Today, she presses her foot down hard on every kind of accelerator, sprays on every sort of new scent, tries on every type of new sex, but nothing brings erasure.
About her person she still smells iodine and the moss that grew everywhere no matter how cold or wet or hot and dry or lonely it became.
Others fancy that the War will pass from memory, its greatness given up to greater sadnesses yet to come.
Its sorrow so it follows will be surrendered to gentler Orientals, when in desperate-to-forget dancehalls grass makes way for hay, bitter oranges for sweet ones and lilacs for irises.
But for her, with her name that recalls the other side of the world and its war, that future happiness will never happen.
Tomorrow will be as today is and yesterday was: a machine age tragedy in three acts played out over petroleum gas and peach schnapps.
Mitsouko is peerless.
It was the perfume to end all perfume.
And though it could not hope to be that, it remains the greatest of them all.
Some sniff it smells of automobile gas, others pretend to perceive only peaches.
Truthfully both parties are in part true. There is an essence of petrol in the stronger concentrations, but this is a kerosene to carry away souls not some dirty old diesel.
And the peach is the antithesis of soft, sugared, supermarket-sparkling clean soft fruit: it is an ageing momento mori too fleshy, flabby and fast on its way to mould to be too long of this world.
Then there is the moss, which is at once warm woodland floor and dank winter tree bark, which pervades every part of the composition giving lie to the idea of a flat Earth in fragrance.
The grass here is not green but dry and yellowing, the spices subtle yet, in the cinnamon especially, sometimes deceivingly strong: seeming to come and go from the scene.
Flowers play a very second fiddle, only lilacs catching the melody upon occasion to give mournful orchestration too the whole piece.
And quite a piece Mitsouko is: perfume’s first unquestionable masterpiece.
Talking of male and female here seems silly and frankly insulting.
Does Guernica have a gender?
Yours ever
The Perfumed Dandy.
for the next day, Wednesday,. Lutens, Lutens…
Serge Lutens Tubereuse Criminelle Please!
Oh My Dearest Ricky,
How you love the tuberose!!
I wonder have you ever tried Do Son by Dyptique – I have a sneaking suspicion that you might like it…
Yours ever
The Perfumed Dandy.
Wow what a review.
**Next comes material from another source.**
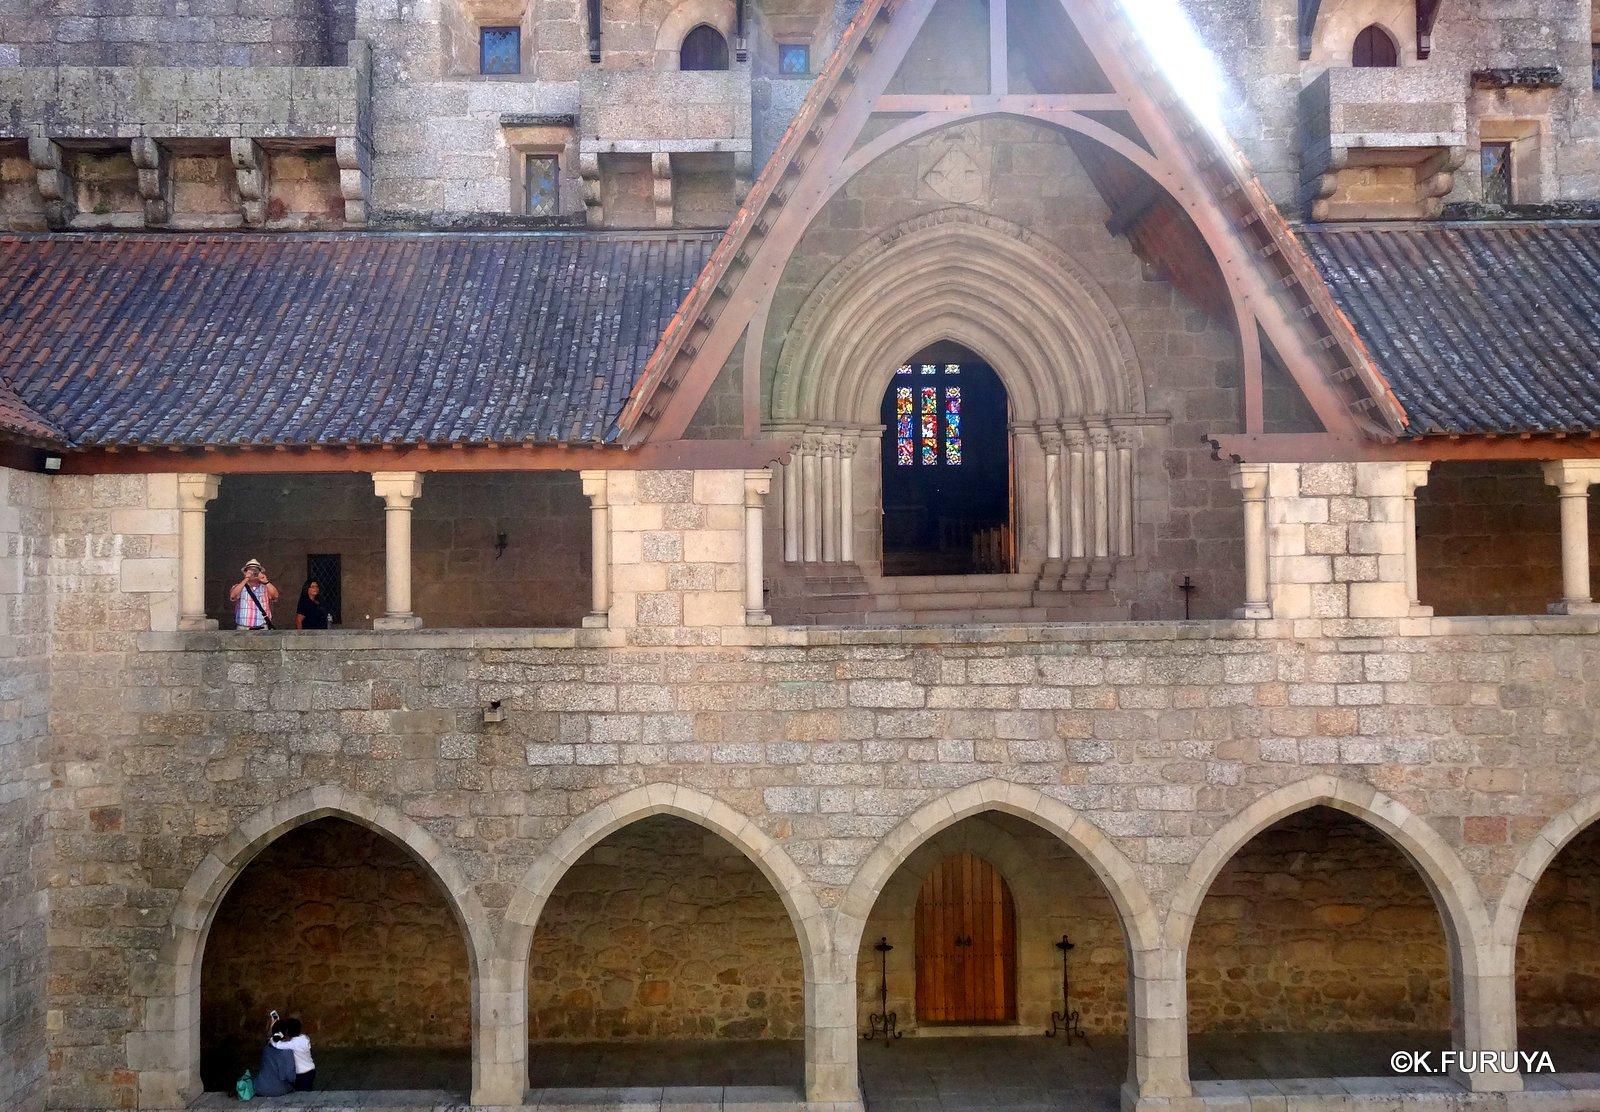 ポルトガル旅行記 11 ポルトガル発祥の地 ギマランイス_a0092659_1534512.jpg

You captured Mitsoukos soul perfectly. She always seemed to me like someone searching for her place in the new world order after WWI, but never truly managed to blend in. She arrives with the grandeur of the lost Belle Epoque thinking Art Deco’s equal opulence would embrace and fit her. But she never truly gets over what happened in those four years of suffering. She carries herself through the Roaring Twenties, eager for life with a heavy heart.
My Dearest Miss Misty
How right you are. You wonderful line ‘She carries herself through the Roaring Twenties, eager for life with a heavy heart.’ sums things up so succinctly.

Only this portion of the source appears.